The lines from the start of the data up to and including the one with "Several navel oranges on a light background." should be returned exactly, and nothing else.

BEGIN TASK INPUTS

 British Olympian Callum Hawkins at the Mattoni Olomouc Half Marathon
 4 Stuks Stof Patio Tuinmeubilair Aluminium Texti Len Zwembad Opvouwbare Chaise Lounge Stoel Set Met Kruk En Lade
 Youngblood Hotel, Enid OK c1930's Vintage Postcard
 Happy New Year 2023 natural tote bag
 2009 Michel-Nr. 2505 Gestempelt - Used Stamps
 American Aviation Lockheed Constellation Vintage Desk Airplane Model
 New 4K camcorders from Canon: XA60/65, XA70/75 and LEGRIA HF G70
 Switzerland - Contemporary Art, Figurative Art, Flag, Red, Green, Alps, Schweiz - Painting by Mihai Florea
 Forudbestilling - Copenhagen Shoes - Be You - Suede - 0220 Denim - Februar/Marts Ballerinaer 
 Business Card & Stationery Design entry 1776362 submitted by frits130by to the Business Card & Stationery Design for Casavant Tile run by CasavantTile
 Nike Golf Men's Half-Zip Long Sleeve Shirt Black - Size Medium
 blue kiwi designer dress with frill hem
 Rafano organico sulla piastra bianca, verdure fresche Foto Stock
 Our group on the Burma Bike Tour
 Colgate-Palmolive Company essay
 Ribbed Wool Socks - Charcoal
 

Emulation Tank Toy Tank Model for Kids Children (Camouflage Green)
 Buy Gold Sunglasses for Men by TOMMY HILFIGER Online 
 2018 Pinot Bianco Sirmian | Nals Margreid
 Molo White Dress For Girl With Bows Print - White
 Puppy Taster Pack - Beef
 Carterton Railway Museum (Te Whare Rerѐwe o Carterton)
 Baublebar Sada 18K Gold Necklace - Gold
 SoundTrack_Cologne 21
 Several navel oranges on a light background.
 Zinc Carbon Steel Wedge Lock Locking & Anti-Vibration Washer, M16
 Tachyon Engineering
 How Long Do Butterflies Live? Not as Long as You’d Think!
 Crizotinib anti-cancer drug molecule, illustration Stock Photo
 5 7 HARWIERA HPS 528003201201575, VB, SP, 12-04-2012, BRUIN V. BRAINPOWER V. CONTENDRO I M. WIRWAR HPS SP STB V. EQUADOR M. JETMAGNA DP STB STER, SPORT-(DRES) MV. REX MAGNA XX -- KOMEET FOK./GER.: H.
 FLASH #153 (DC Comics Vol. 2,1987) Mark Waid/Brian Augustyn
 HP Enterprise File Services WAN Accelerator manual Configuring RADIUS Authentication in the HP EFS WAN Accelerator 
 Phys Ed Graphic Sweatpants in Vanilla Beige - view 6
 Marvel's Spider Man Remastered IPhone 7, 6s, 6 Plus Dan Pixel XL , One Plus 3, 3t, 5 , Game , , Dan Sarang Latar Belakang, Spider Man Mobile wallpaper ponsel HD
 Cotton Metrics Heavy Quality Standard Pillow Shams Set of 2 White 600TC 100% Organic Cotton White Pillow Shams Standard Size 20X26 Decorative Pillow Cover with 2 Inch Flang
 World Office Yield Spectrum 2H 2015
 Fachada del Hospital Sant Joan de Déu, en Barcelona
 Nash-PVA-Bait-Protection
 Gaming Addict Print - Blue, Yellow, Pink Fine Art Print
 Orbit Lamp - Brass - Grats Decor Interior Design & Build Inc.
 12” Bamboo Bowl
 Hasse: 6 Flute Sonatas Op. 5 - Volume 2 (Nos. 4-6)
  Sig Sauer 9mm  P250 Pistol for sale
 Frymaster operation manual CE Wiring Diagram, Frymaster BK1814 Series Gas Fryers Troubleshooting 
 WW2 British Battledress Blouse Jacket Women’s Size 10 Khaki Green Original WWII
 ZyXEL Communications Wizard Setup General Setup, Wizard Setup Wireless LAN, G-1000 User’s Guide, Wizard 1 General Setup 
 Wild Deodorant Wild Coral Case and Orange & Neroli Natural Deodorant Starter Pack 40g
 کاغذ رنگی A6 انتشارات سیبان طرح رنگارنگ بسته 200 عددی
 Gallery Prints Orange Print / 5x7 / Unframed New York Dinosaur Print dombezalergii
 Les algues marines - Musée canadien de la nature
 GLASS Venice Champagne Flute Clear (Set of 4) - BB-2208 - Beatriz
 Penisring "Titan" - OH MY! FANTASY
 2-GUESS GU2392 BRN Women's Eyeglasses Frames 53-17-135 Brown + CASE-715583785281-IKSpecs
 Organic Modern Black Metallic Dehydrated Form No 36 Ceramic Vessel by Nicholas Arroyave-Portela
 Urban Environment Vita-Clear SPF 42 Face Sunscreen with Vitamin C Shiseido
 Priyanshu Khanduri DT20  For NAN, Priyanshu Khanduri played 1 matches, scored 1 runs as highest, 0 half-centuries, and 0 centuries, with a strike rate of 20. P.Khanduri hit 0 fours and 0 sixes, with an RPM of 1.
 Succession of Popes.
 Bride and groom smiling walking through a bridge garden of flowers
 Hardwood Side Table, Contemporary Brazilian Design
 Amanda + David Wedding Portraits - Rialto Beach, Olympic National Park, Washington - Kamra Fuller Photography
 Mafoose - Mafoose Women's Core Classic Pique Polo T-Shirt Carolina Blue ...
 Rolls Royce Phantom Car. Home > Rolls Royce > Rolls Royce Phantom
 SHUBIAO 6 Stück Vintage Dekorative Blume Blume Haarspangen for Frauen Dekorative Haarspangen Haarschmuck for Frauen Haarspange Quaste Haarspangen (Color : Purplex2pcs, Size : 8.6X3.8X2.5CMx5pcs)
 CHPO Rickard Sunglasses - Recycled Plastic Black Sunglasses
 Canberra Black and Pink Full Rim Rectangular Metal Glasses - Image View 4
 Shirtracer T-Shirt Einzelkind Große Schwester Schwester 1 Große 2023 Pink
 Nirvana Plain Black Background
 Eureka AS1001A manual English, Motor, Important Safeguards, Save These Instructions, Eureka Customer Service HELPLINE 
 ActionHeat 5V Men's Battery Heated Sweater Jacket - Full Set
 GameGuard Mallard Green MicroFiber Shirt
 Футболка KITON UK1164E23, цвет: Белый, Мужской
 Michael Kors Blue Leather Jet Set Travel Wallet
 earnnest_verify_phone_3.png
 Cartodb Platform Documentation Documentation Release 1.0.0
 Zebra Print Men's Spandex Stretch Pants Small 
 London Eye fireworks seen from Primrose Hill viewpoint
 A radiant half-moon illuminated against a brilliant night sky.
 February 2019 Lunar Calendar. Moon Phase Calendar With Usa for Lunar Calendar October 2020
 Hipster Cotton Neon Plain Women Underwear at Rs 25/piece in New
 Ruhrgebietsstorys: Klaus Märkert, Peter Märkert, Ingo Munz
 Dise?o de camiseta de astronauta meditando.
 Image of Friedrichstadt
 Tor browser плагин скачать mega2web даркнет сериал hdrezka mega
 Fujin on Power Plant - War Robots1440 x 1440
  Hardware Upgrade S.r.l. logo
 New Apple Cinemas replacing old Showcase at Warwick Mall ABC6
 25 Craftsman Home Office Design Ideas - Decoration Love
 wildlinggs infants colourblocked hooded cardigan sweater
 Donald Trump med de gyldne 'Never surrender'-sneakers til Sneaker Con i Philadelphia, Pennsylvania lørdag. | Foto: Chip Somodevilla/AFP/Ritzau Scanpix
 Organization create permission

END TASK INPUTS

RESPONSE FOR THIS EXERCISE:
 British Olympian Callum Hawkins at the Mattoni Olomouc Half Marathon
 4 Stuks Stof Patio Tuinmeubilair Aluminium Texti Len Zwembad Opvouwbare Chaise Lounge Stoel Set Met Kruk En Lade
 Youngblood Hotel, Enid OK c1930's Vintage Postcard
 Happy New Year 2023 natural tote bag
 2009 Michel-Nr. 2505 Gestempelt - Used Stamps
 American Aviation Lockheed Constellation Vintage Desk Airplane Model
 New 4K camcorders from Canon: XA60/65, XA70/75 and LEGRIA HF G70
 Switzerland - Contemporary Art, Figurative Art, Flag, Red, Green, Alps, Schweiz - Painting by Mihai Florea
 Forudbestilling - Copenhagen Shoes - Be You - Suede - 0220 Denim - Februar/Marts Ballerinaer 
 Business Card & Stationery Design entry 1776362 submitted by frits130by to the Business Card & Stationery Design for Casavant Tile run by CasavantTile
 Nike Golf Men's Half-Zip Long Sleeve Shirt Black - Size Medium
 blue kiwi designer dress with frill hem
 Rafano organico sulla piastra bianca, verdure fresche Foto Stock
 Our group on the Burma Bike Tour
 Colgate-Palmolive Company essay
 Ribbed Wool Socks - Charcoal
 

Emulation Tank Toy Tank Model for Kids Children (Camouflage Green)
 Buy Gold Sunglasses for Men by TOMMY HILFIGER Online 
 2018 Pinot Bianco Sirmian | Nals Margreid
 Molo White Dress For Girl With Bows Print - White
 Puppy Taster Pack - Beef
 Carterton Railway Museum (Te Whare Rerѐwe o Carterton)
 Baublebar Sada 18K Gold Necklace - Gold
 SoundTrack_Cologne 21
 Several navel oranges on a light background.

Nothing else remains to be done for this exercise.